KIMIA GHANNA D-ZADEH/THE VARSITY

Unseen as of yet, dark matter is an ever-present constituent of our universe, influencing the movements of stars and planets, while also holding galaxies together.

Dark matter does not reflect any electromagnetic radiation like light, rendering it essentially invisible to us. Accordingly, astronomers must investigate the properties of dark matter through its influence on the motion of neighbouring visible objects.
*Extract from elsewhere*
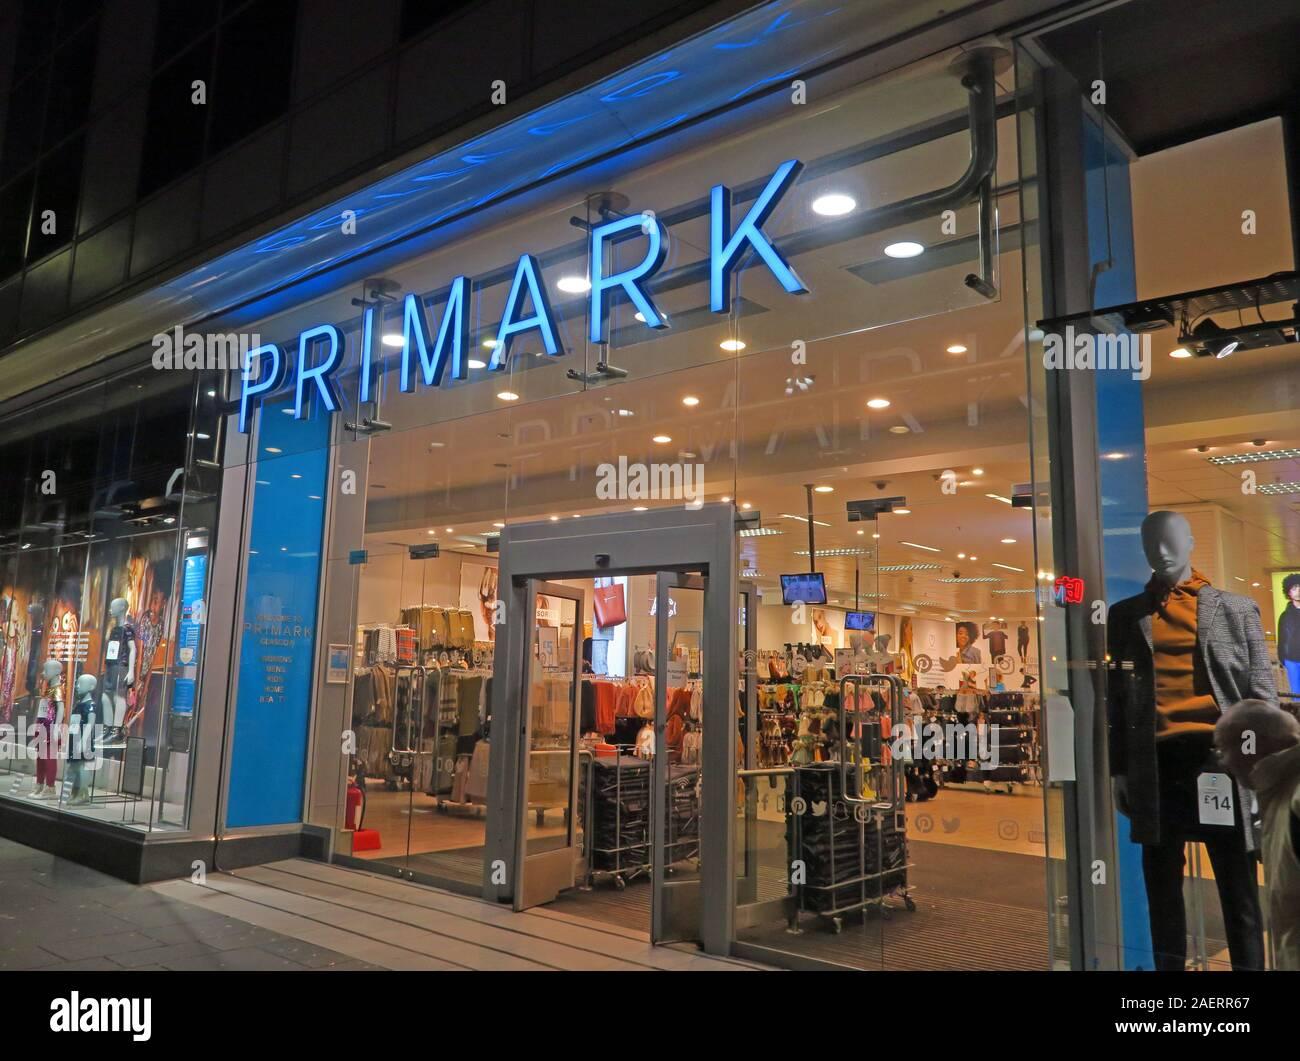 Dieses Stockfoto: Primark Store, Neon-Schild, Glasgow, Schottland, Irish Fast Fashion Retailer - 2AERR6

Recently, a group of scientists in the Astronomy and Astrophysics Department of the University of Toronto discovered a truly outstanding example of dark matter’s extensiveness: Dragonfly 44, a galaxy comprised of 99.99 per cent dark matter. The findings were published in The Astrophysical Journal Letters on August 25, 2016.

The galaxy in question is about 300 million light-years away from us, and it is roughly the same size and mass as the Milky Way. Scientists were drawn by the stars in Dragonfly 44, which were moving exceptionally quickly and can indicate the mass of its galaxy. After calculating stellar velocities, results implied a mass much larger than what was expected.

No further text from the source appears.